First, let's import the necessary libraries and modules from PrxteinMPNN.

In [5]:
import jax
import jax.numpy as jnp
import numpy as np
from typing import Any

print(f"JAX version: {jax.__version__}")
print(f"JAX backend: {jax.default_backend()}")
print(f"Available devices: {jax.devices()}")

JAX version: 0.5.2
JAX backend: cpu
Available devices: [CpuDevice(id=0)]


## 2. Load a Protein Structure

We'll start by loading a protein structure. For this example, you can upload a protein structure to colab. You can use any protein structure file, trajectory and template file (with from_trajectory), pdb string (from pdb_string), or foldcomp accession (see prxteinmpnn.utils.foldcomp_utils).

In [1]:
from prxteinmpnn.io import from_structure_file

print("Loading protein structure...")
protein_structure = from_structure_file(file_path="/content/PrxteinMPNN/examples/AF-P10599-F1-model_v4.pdb") # chain and model can also be specified

print("✓ Structure loaded successfully")
print("Note: In practice, use from_structure_file() with your PDB file")

Loading protein structure...
✓ Structure loaded successfully
Note: In practice, use from_structure_file() with your PDB file


## 3. Load the ProteinMPNN Model

Now let's load the ProteinMPNN model with the desired version and weights.

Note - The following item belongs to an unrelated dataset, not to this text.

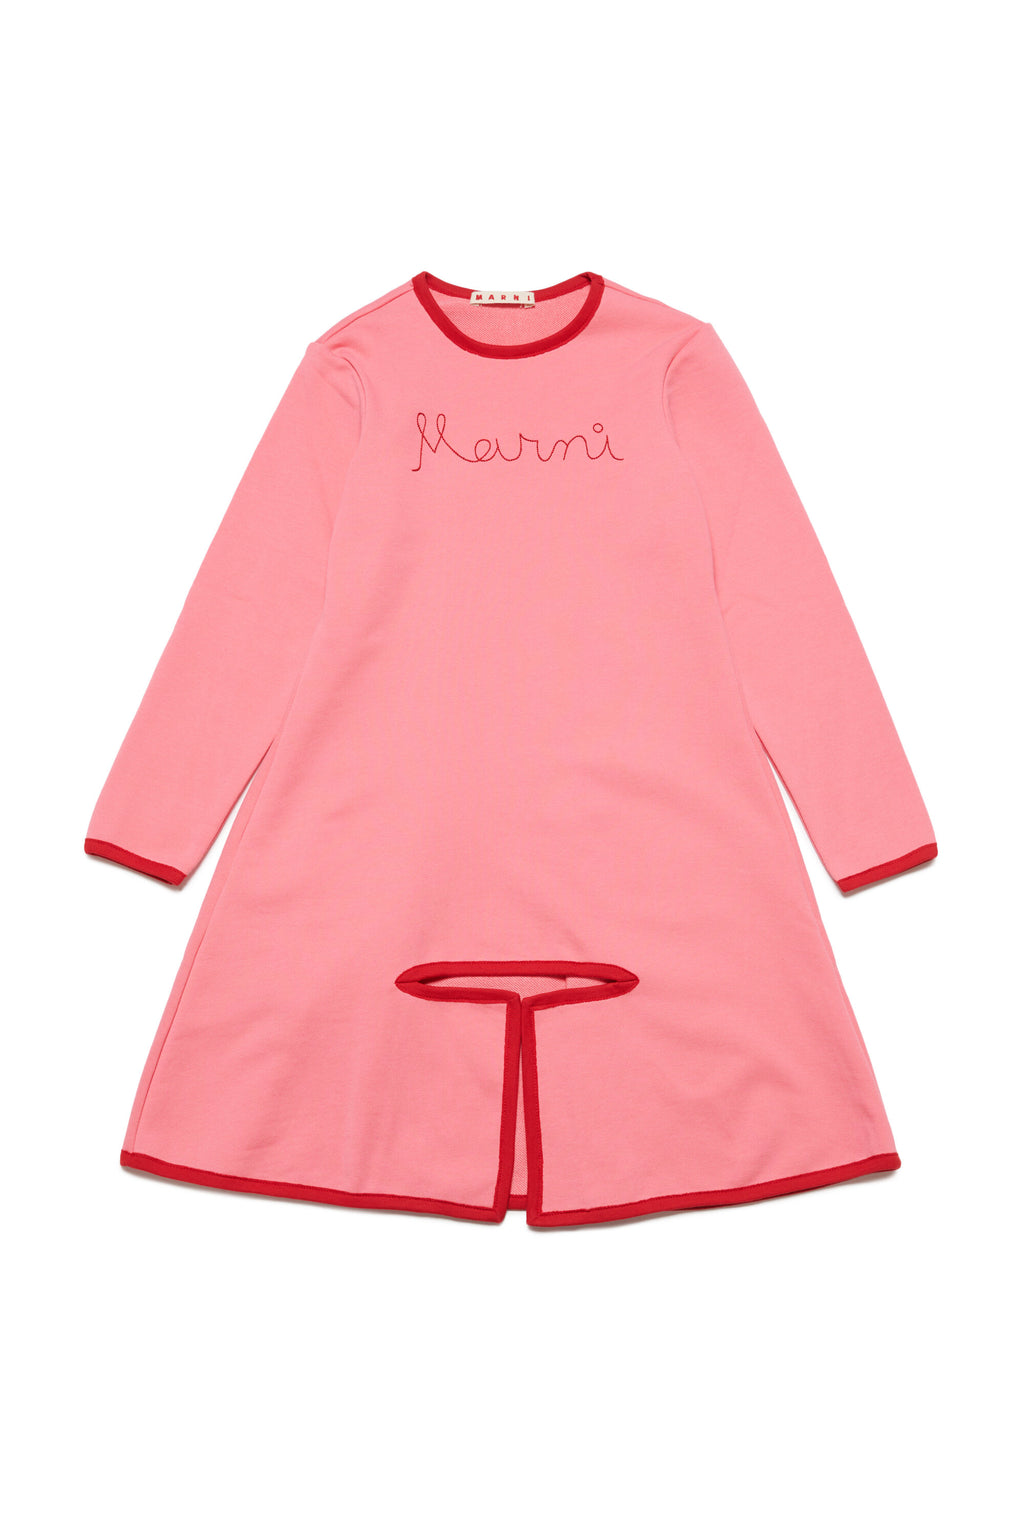 Dress in fleece with skirt with bottom opening and logo

Enums specify the model version and model weights (original or soluble).

In [2]:
from prxteinmpnn.mpnn import ProteinMPNNModelVersion, ModelWeights, get_mpnn_model

print("Loading ProteinMPNN model...")

model_version = ProteinMPNNModelVersion.V_48_020
model_weights = ModelWeights.DEFAULT

model = get_mpnn_model(
    model_version=model_version,
    model_weights=model_weights,
)

print(f"✓ Loaded ProteinMPNN model version: {model_version.value}")
print(f"✓ Using model weights: {model_weights.value}")

Loading ProteinMPNN model...
✓ Loaded ProteinMPNN model version: v_48_020.pkl
✓ Using model weights: original


## 4. Prepare Model Inputs

Convert the protein structure to model inputs that can be used with ProteinMPNN.

In [3]:
# Convert structure to model inputs
print("Preparing model inputs...")
from prxteinmpnn.io import protein_structure_to_model_inputs

# In practice, you would use:
model_inputs = protein_structure_to_model_inputs(protein_structure)

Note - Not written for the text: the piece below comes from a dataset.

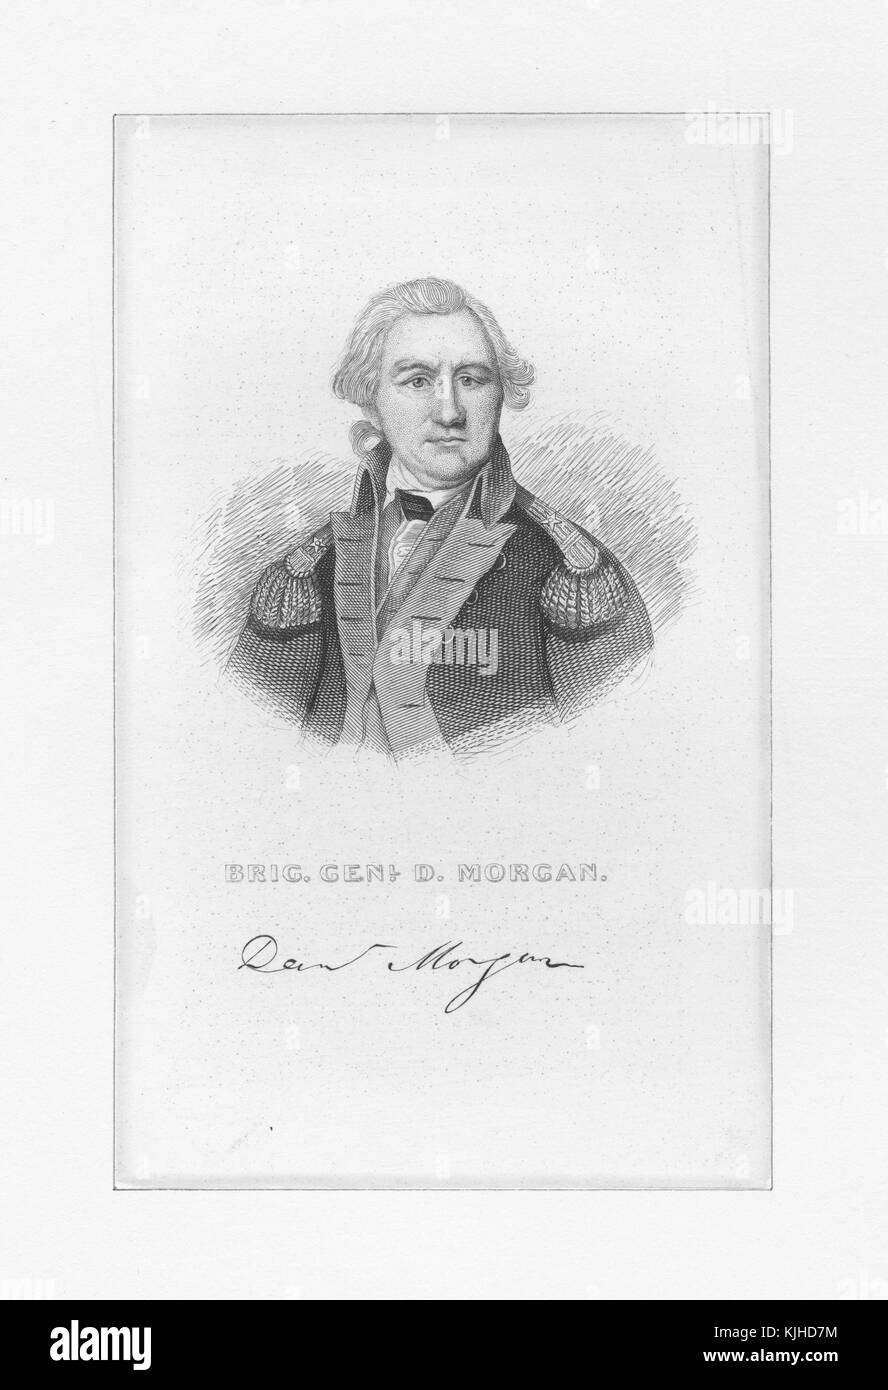 An etching from a portrait of Daniel Morgan, he was a soldier that eventually achieved the rank of brigadier general during the American Revolutionary War, at one point during the war he retired after being passed over for promotions because of his lack of political connections, he was known for being a particularly skilled tactician in battle, he went on to serve as a member of the United States House of Representatives from Virginia, 1834. From the New York Public Library. Stock Photo

# For this example, we'll create mock model inputs
print("✓ Model inputs prepared")
print("Note: In practice, use protein_structure_to_model_inputs()")

# Mock some basic parameters for demonstration

print(f"Sequence length: {len(model_inputs.sequence)}")
print(f"Sequence: {model_inputs.sequence[:20]}...")

Preparing model inputs...
✓ Model inputs prepared
Note: In practice, use protein_structure_to_model_inputs()
Sequence length: 105
Sequence: [10 17  8 13  7  3 15  8 16  0  4 13  3  0  9  2  0  0  5  2]...


## 5. Sequence Scoring

Let's score sequences using the ProteinMPNN model. This demonstrates how to evaluate the likelihood of specific amino acid sequences for a given structure.

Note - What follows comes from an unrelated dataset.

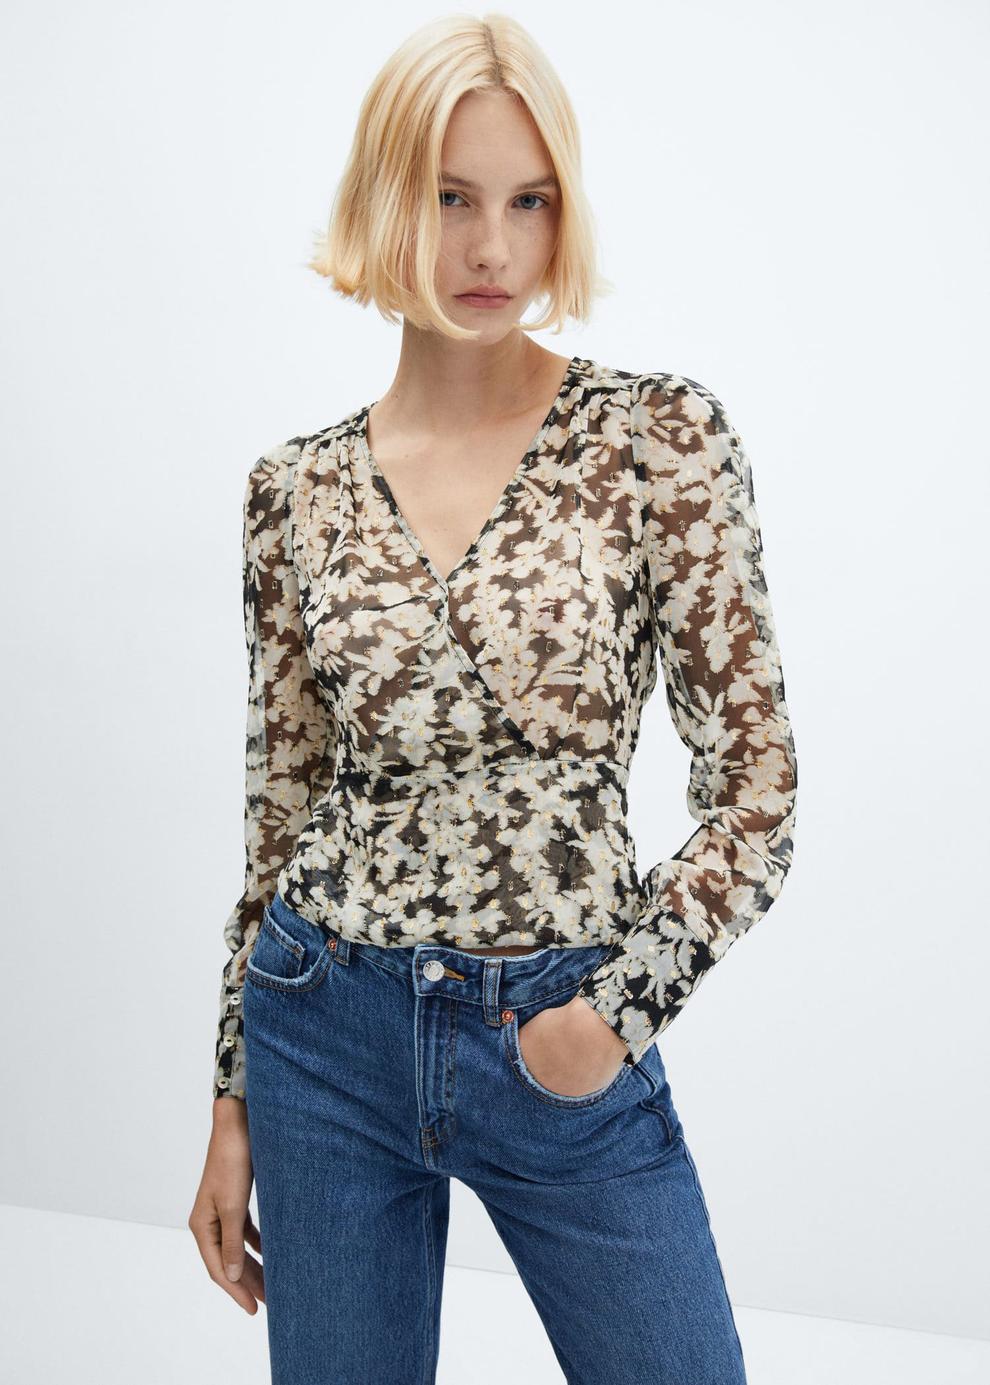 Floral print crossover blouse offers at $44.99 in Mango

Random-number generator keys for stochastic aspects are explicitly defined.

JAX enables

In [6]:
from prxteinmpnn.scoring.score import make_score_sequence
from prxteinmpnn.utils.decoding_order import random_decoding_order
from prxteinmpnn.io import string_to_protein_sequence


# Initialize random key for JAX operations
key = jax.random.PRNGKey(42)
print("Setting up sequence scoring...")

# Create scoring function
score_sequence = make_score_sequence(
    model,
    random_decoding_order,
    model_inputs=model_inputs,
)

print("✓ Scoring function created")

# Example of scoring multiple sequences
sequences_to_score = [
    "MKFLVNVALVFMVVYISYIYAAIYIQASLLVASVGGTLIPALYQFAIWIIKMKFLVNVALVFMVVYISYIYAAIYIQASLLVASVGGTLIPALYQFAIWIIKIJK",
    "VNVALVFMVVYISYIYAAIYIQASLLVASVGGTLIPALYQFAIWIIKIJKMKFLVNVALVFMVVYISYIYAAIYIQASLLVASVGGTLIPALYQFAIWIIKMKFL",
    "VNVALVFMVVYISYIYAAIYIQASLLVASVGGTLIPALYQFAIWIIKMKFLVNVALVFMVVYISYIYAAIYIQASLLVASVGGTLIPALYQFAIWIIKIJKMKFL",
]

# Prepare sequences for scoring
sequences_to_score = jnp.array([string_to_protein_sequence(seq) for seq in sequences_to_score])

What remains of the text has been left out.